While Guinness has to thank maths for the widget, maths has to thank Guinness for one of the best-known tests used by statisticians. In the first part of the twentieth century Guinness was ahead of its time when it came to quality control. It would obviously have been unfeasible to check every single barrel or bottle of Guinness that was being produced. Instead, quality controllers made careful measurement of samples of Guinness and used these to assess its general quality and how much quality varied. This amounts to a difficult statistical problem. It was Guinness employee William Gossett who solved it by devising a statistical test to compare measurements. This was published in 1908, anonymously under the name of “Student”. It’s now widely known as *Student’s t-test. * To find out more about the maths of beer, and also of the maths of food, read Chris Budd’s *Plus * articles Where’s the maths in beer? and How much maths can you eat?

**Taming big data**

When we shared the above stories on the *Plus* social media feeds, the accompanying images, videos and links were widely shared and followed — though admittedly not as much as the pictures of kittens we occasionally post. Sharing information has become normal practice for many of us. We carry computers in our pockets, constantly connected and sharing information, pictures and videos as part of our daily lives. In 2016, for instance, in every single minute Google translated over 69 million words, over 400 hours of video were uploaded to YouTube and more than 200,000 photos were shared on Facebook Messenger.

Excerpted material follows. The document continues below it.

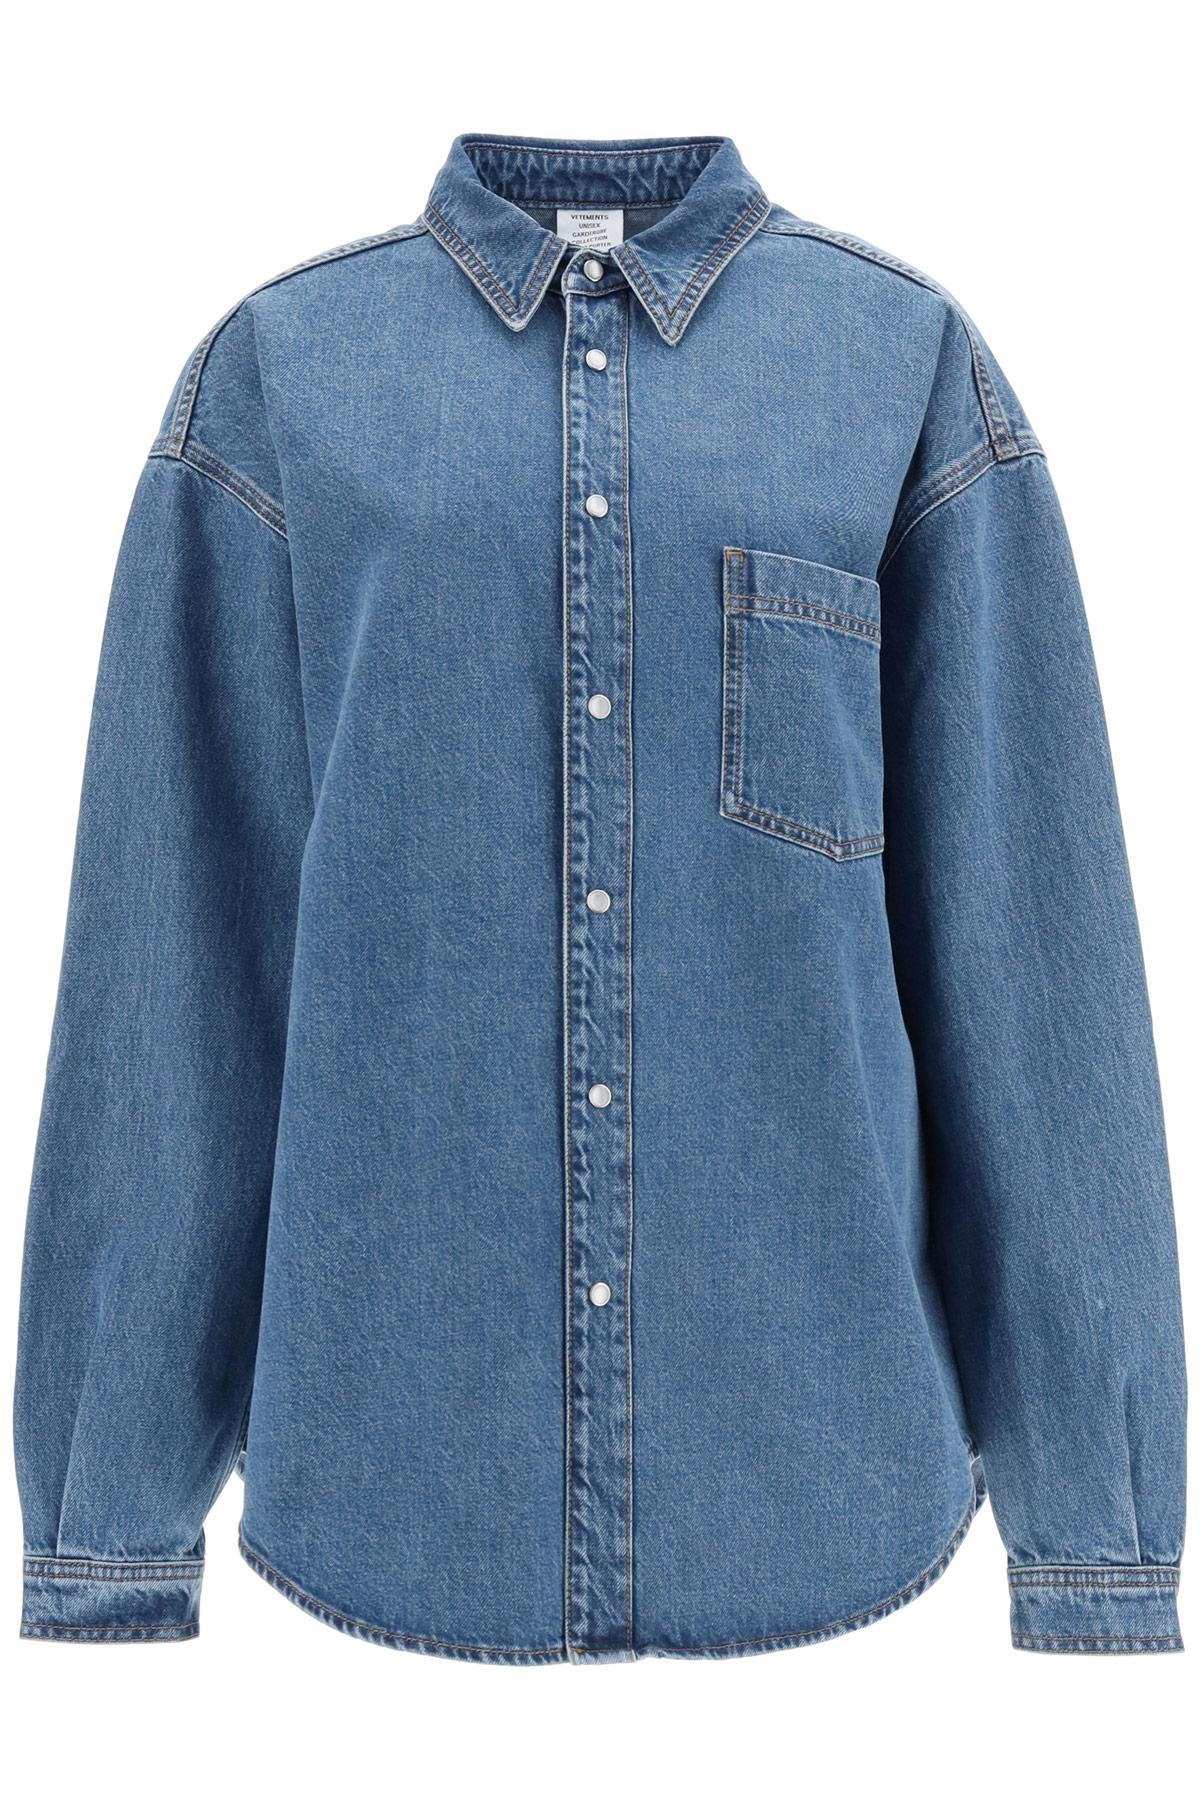 VETEMENTS DENIM SHIRT WITH ON BACK LOGO S Blue Cotton, Denim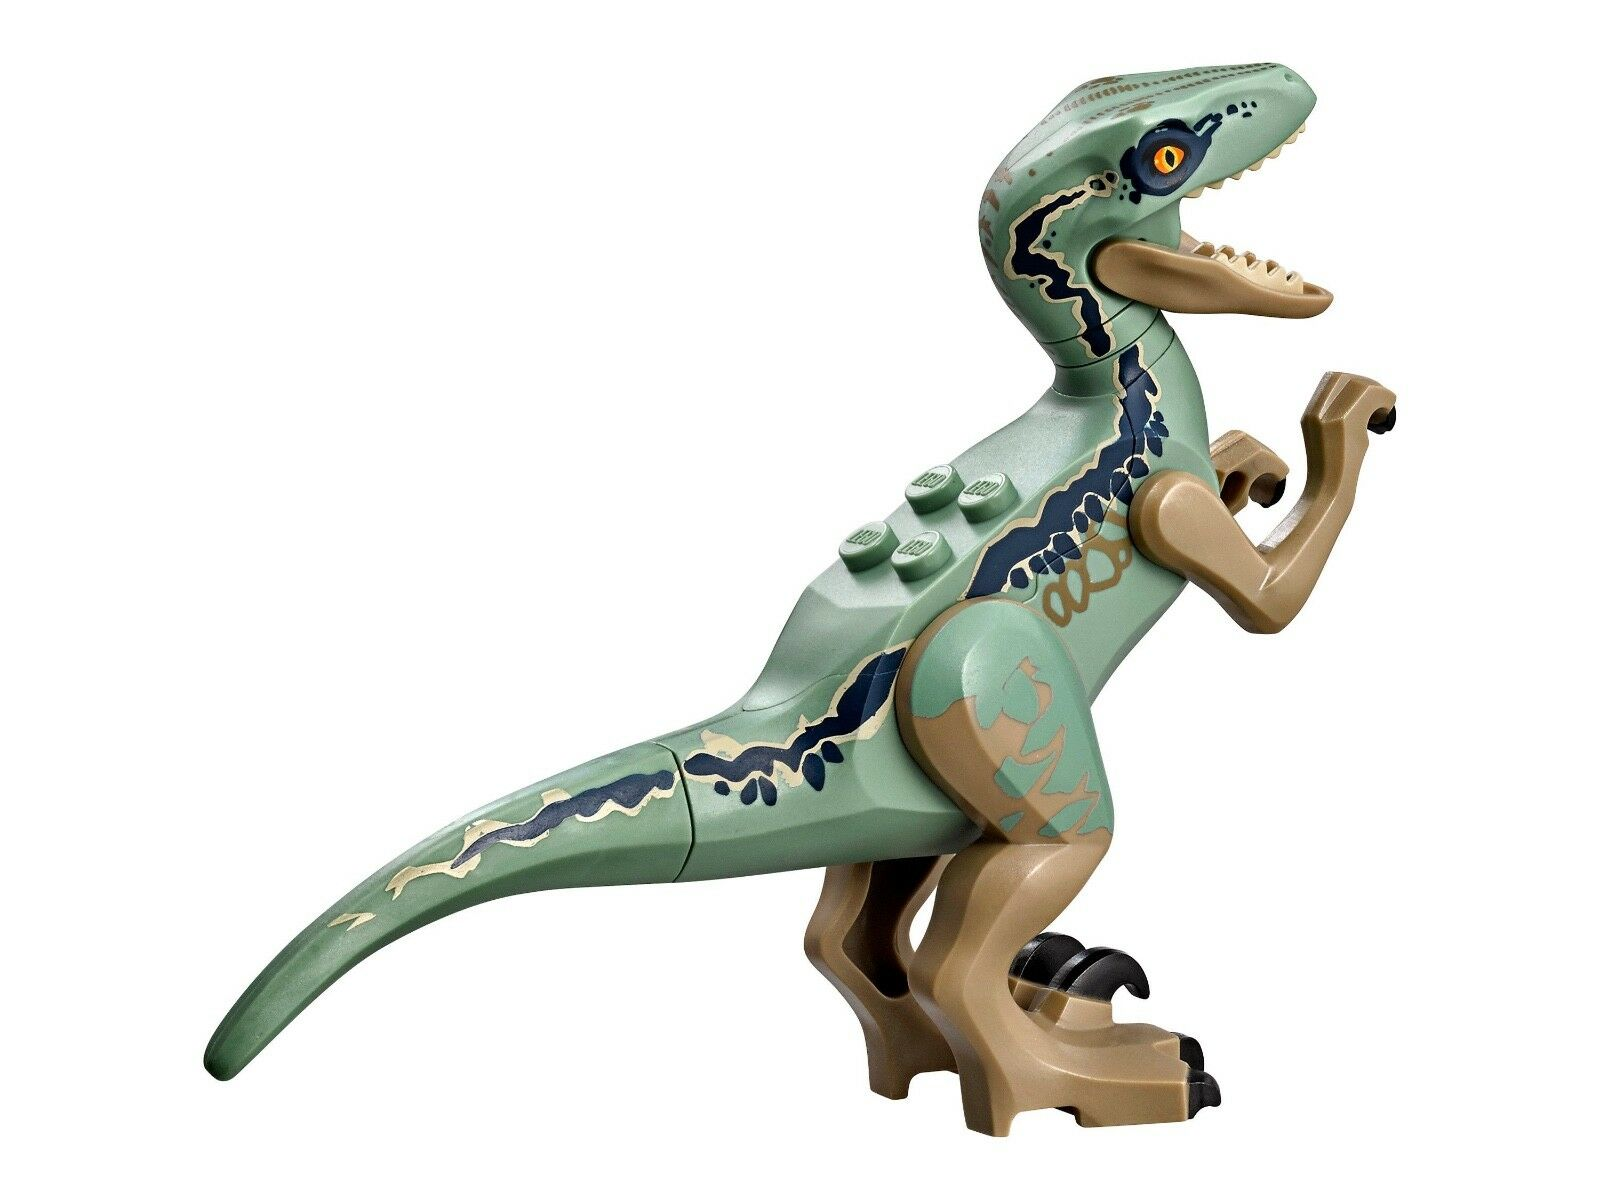 Lego Jurassic World Blue Raptor 75930 Rampage 75928 Indoraptor

We are surrounded by technology that collects, transmits, manipulates and ultimately needs to understand reams of information of an order of magnitude which is hard to comprehend.

The need to understand this *big data*, as the mass (and sometimes mess) of data that arises in the modern world is called, comes up in all sorts of different contexts: from the biomedical sciences to finance, the internet, software and hardware development and security, and image processing, to name just a few.

Mathematics has long been called the “language of the universe”, underpinning the development of modern science and technology. There is every reason to believe that mathematics, too, will provide the language of data: both the data itself (the values of the qualitative or quantitative variables) and the information (the content and meaning) it contains. To find out more about this burgeoning area of research we spoke to Carola Schönlieb, the director of a new research institute, the Cantab Capital Institute for Mathematics of Information.

“In fact, it is not the data itself that is so important, but rather the information contained within it,” says Schönlieb. “Using fundamental techniques from the mathematical sciences, it is possible to understand the limitations of what can be found from the data, and whether this information can be found in the next few seconds, minutes, hours, or if we have to run an algorithm forever without ever providing an answer. We can also use maths and stats to understand how certain or uncertain we should be about conclusions we draw from data.” We’re looking forward to hearing about the work of the institute in the future — and you can rest assured your photos of kittens serve a mathematical purpose!